Content starts

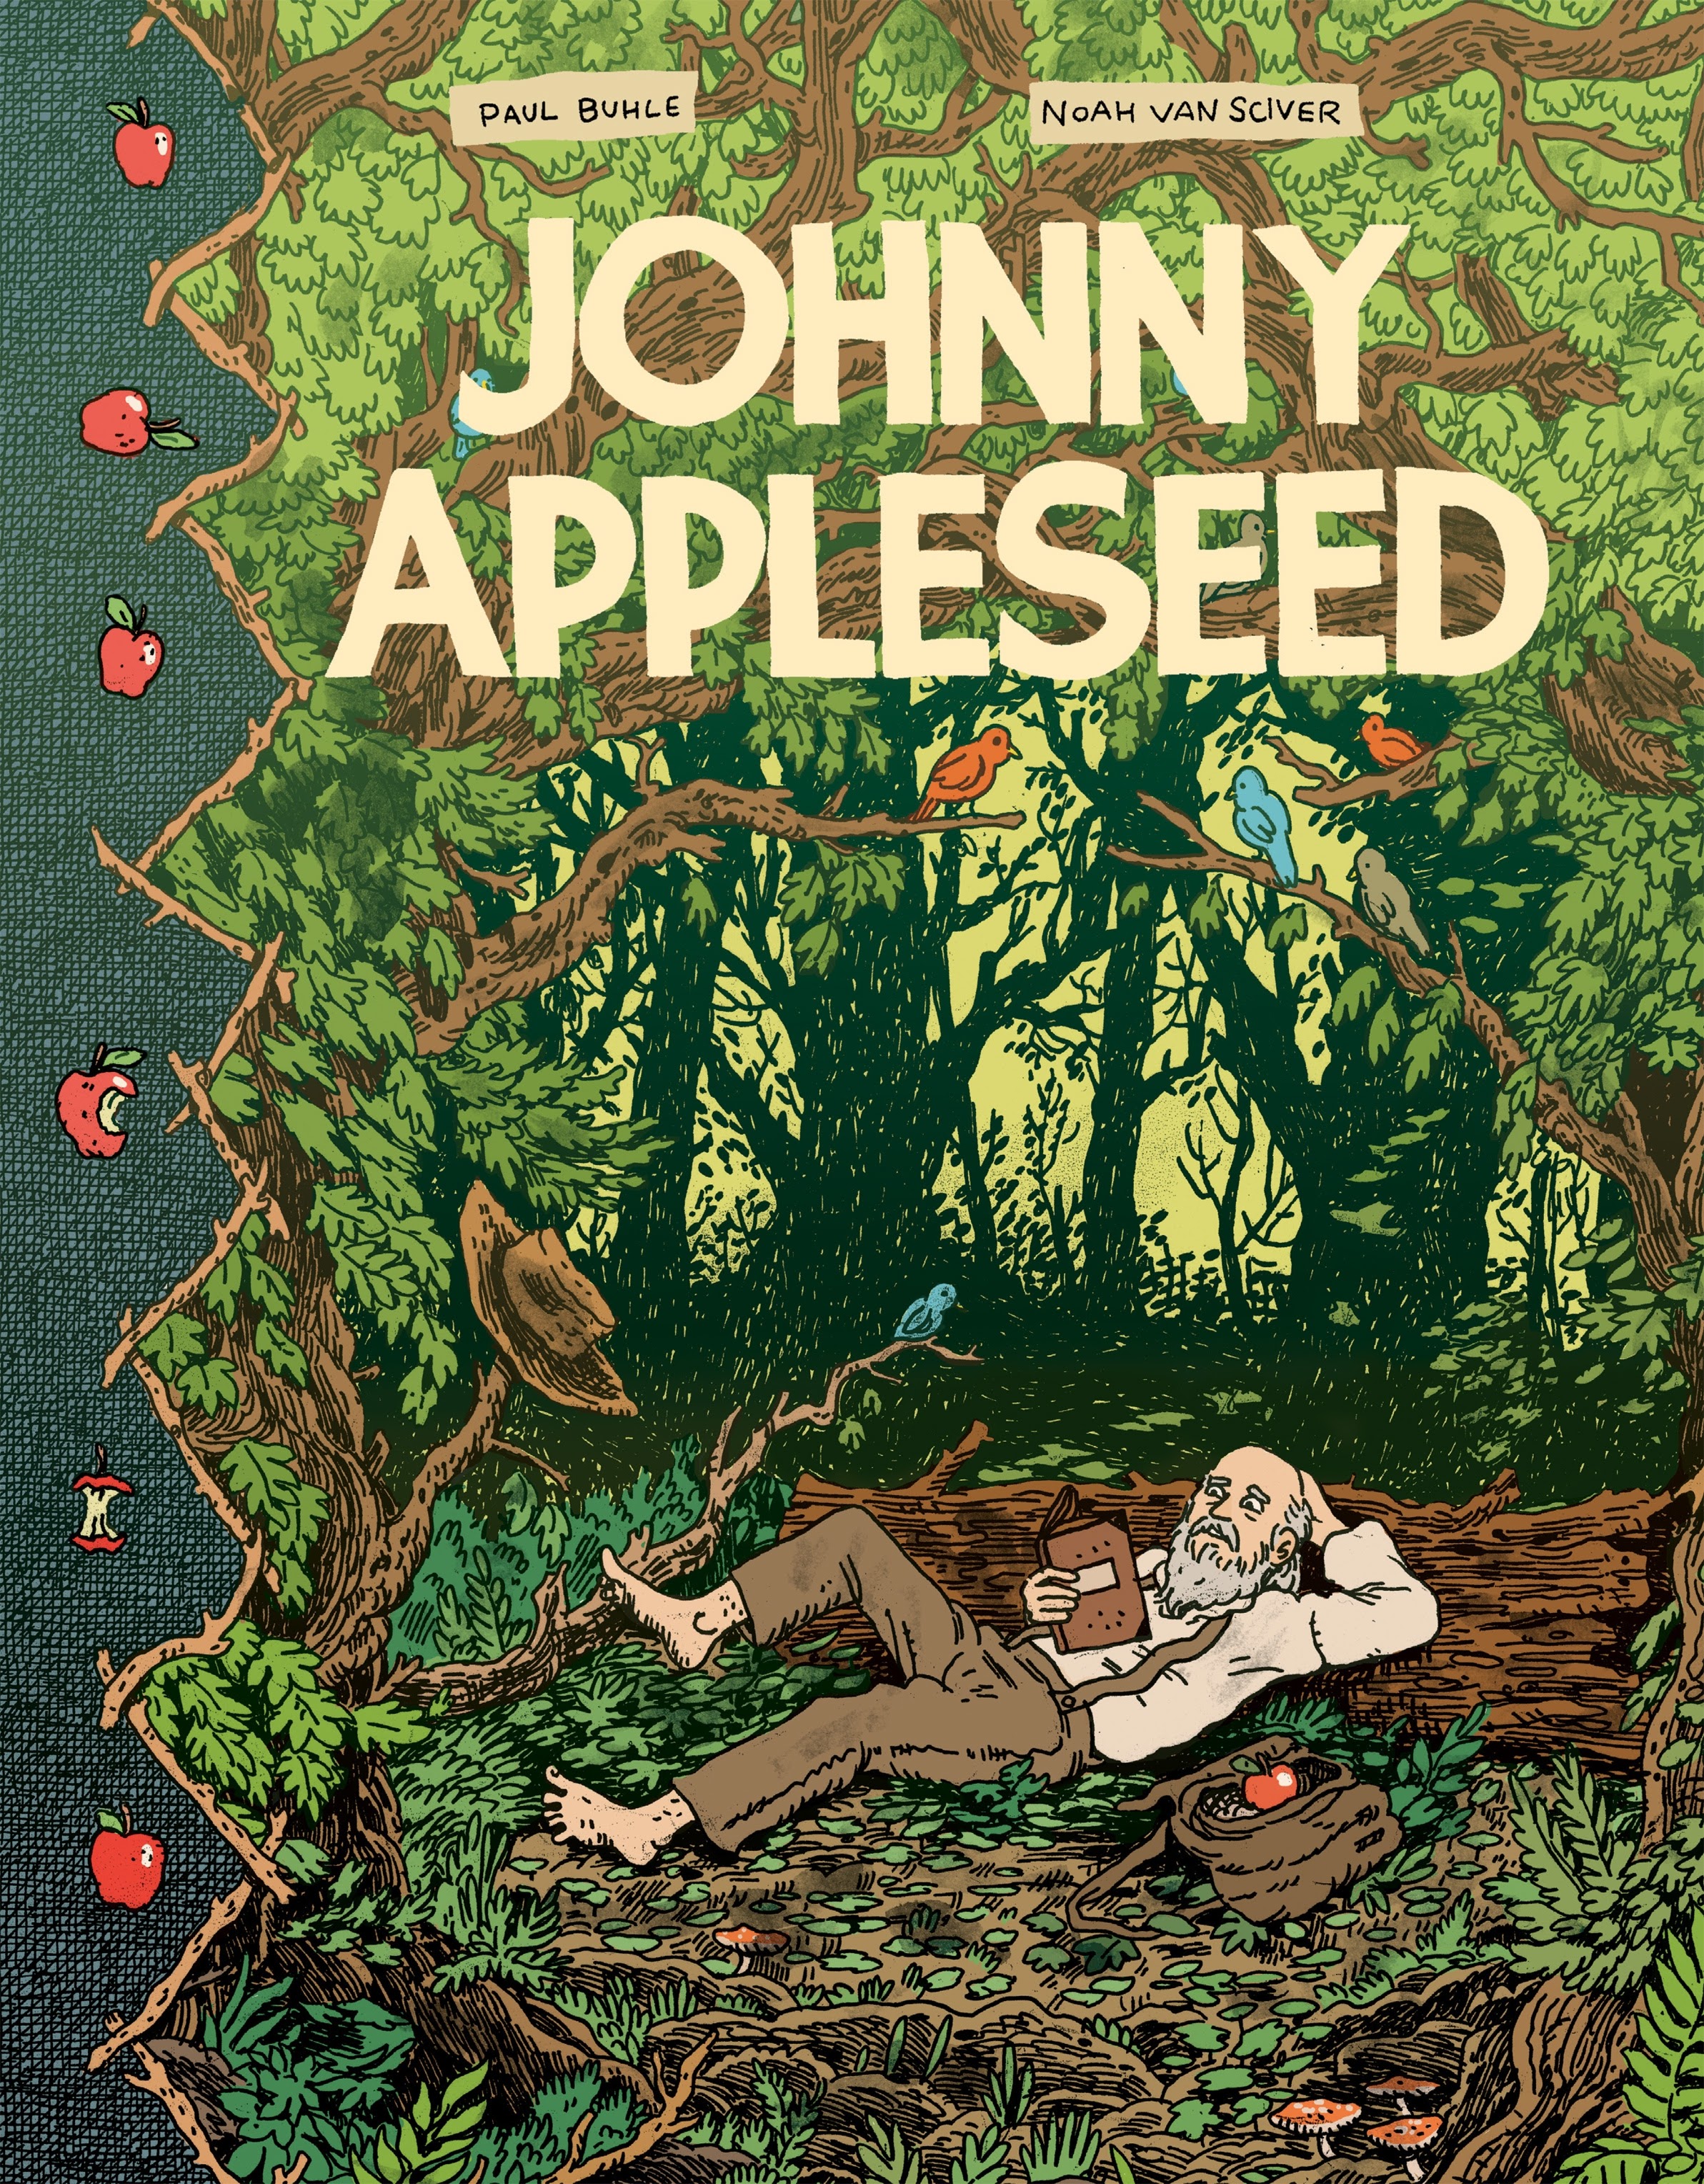 Read online Johnny Appleseed comic -  Issue # TPB - 1
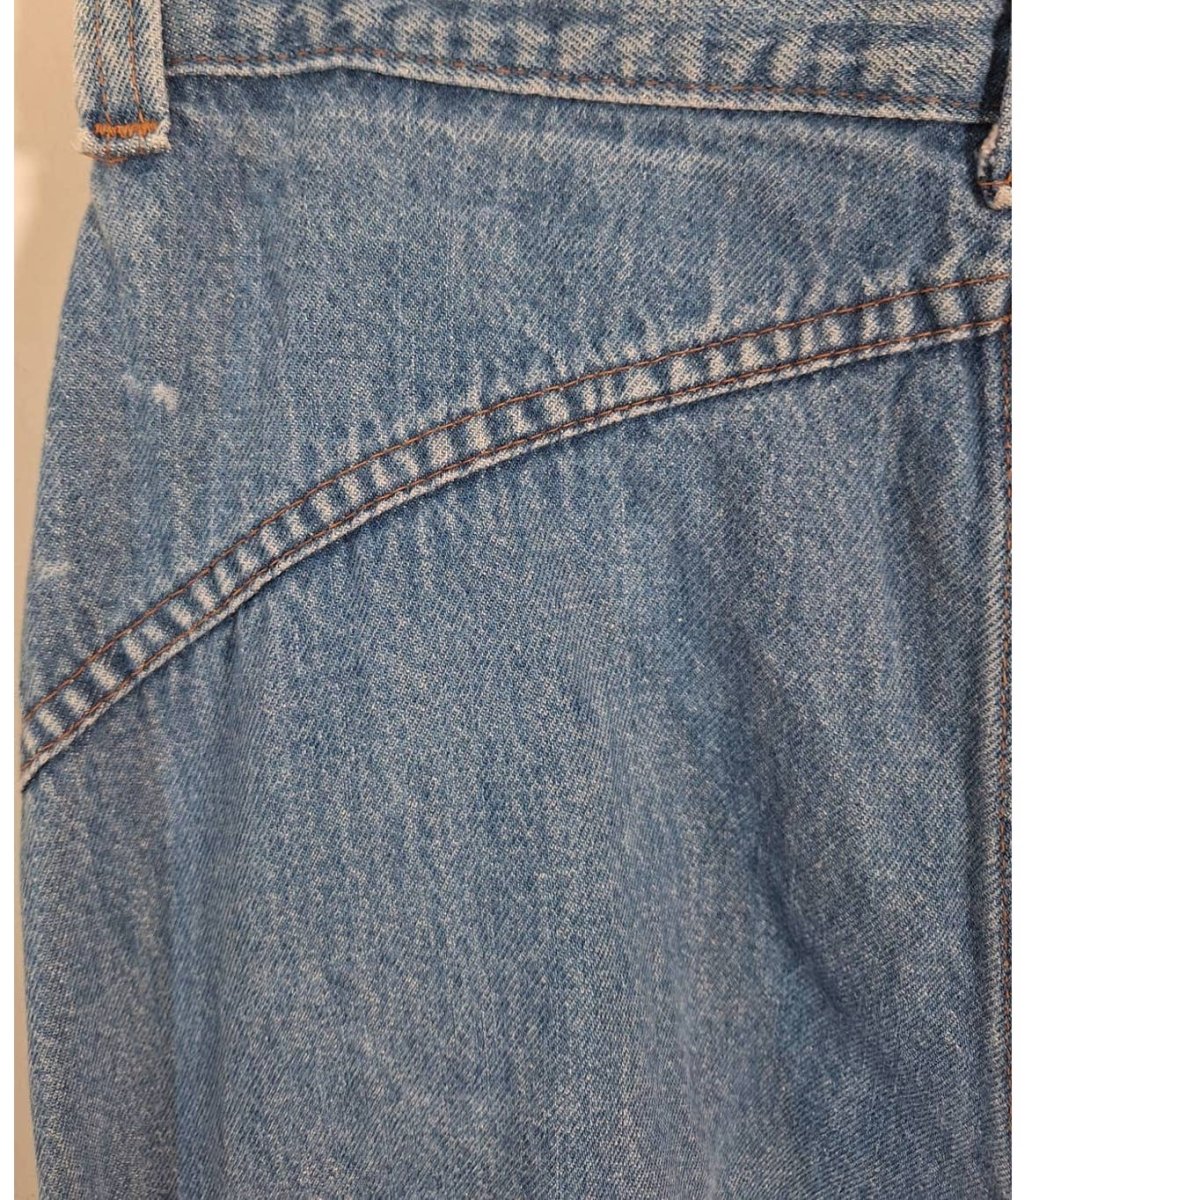 Vintage 80s High Waist Pleated Jeans with Yoke Size Waist 30 - themallvintage The Mall Vintage
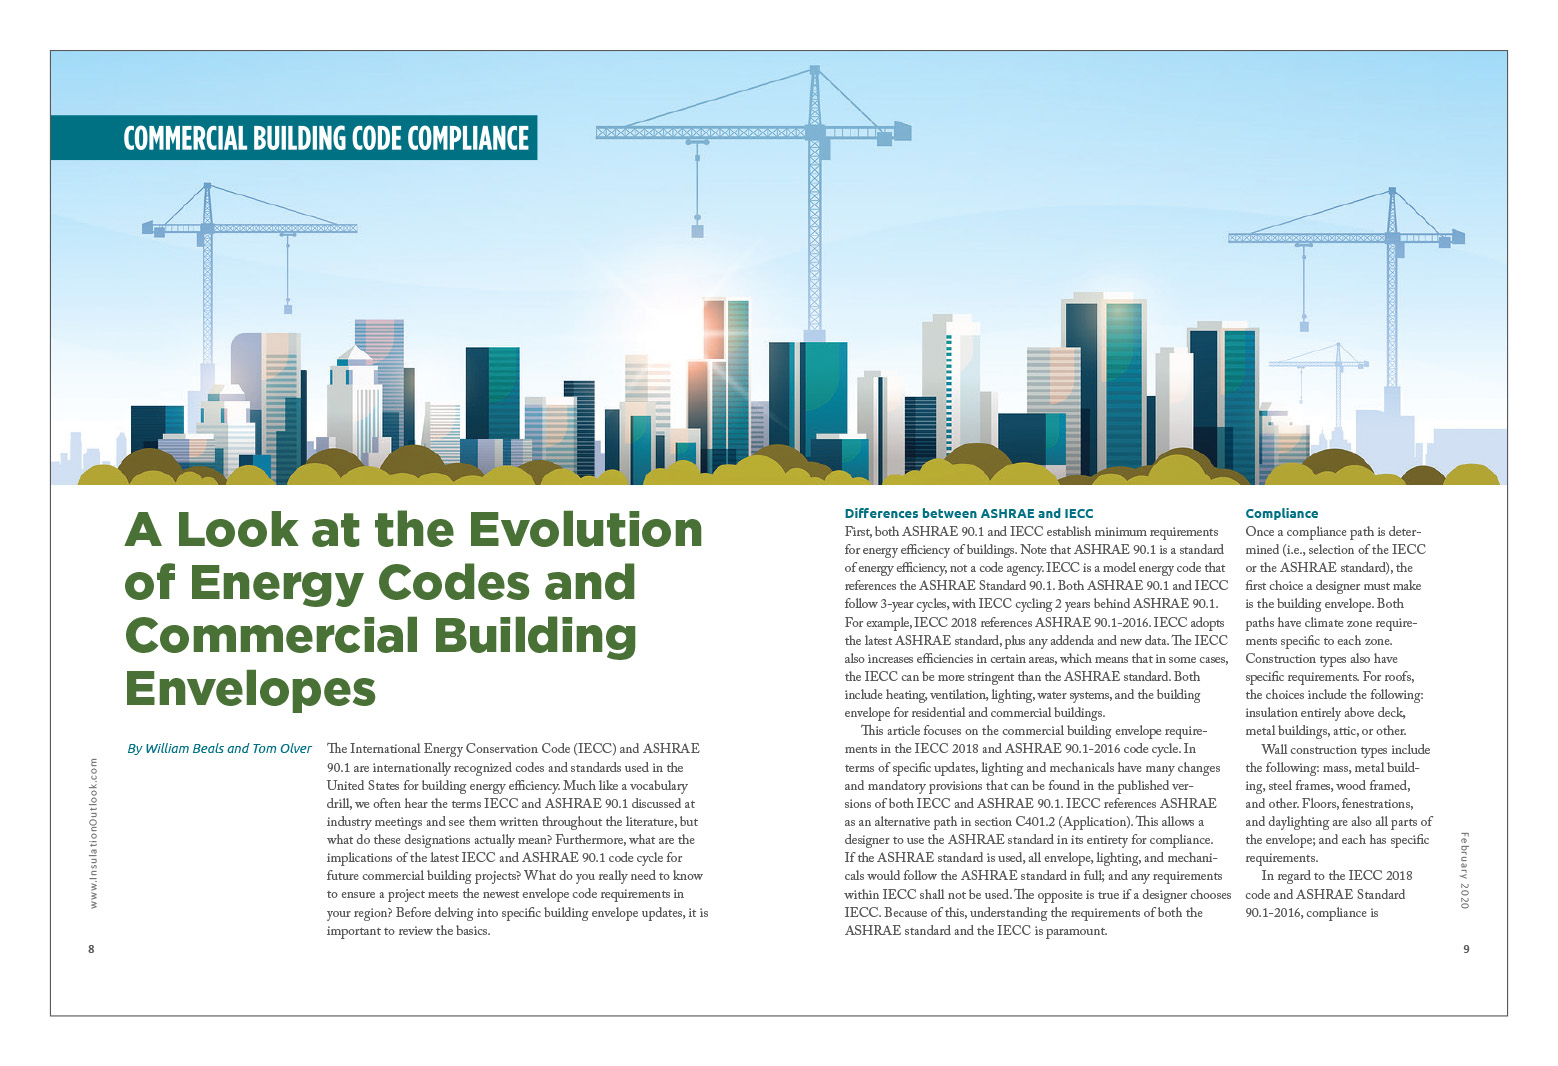 Commercial Building Code Compliance A Look at the Evolution of Energy

Content ends

No pictures belong in the copy. Repeat the listing above exactly.

 Read online Johnny Appleseed comic -  Issue # TPB - 1
 Vintage 80s High Waist Pleated Jeans with Yoke Size Waist 30 - themallvintage The Mall Vintage
 Commercial Building Code Compliance A Look at the Evolution of Energy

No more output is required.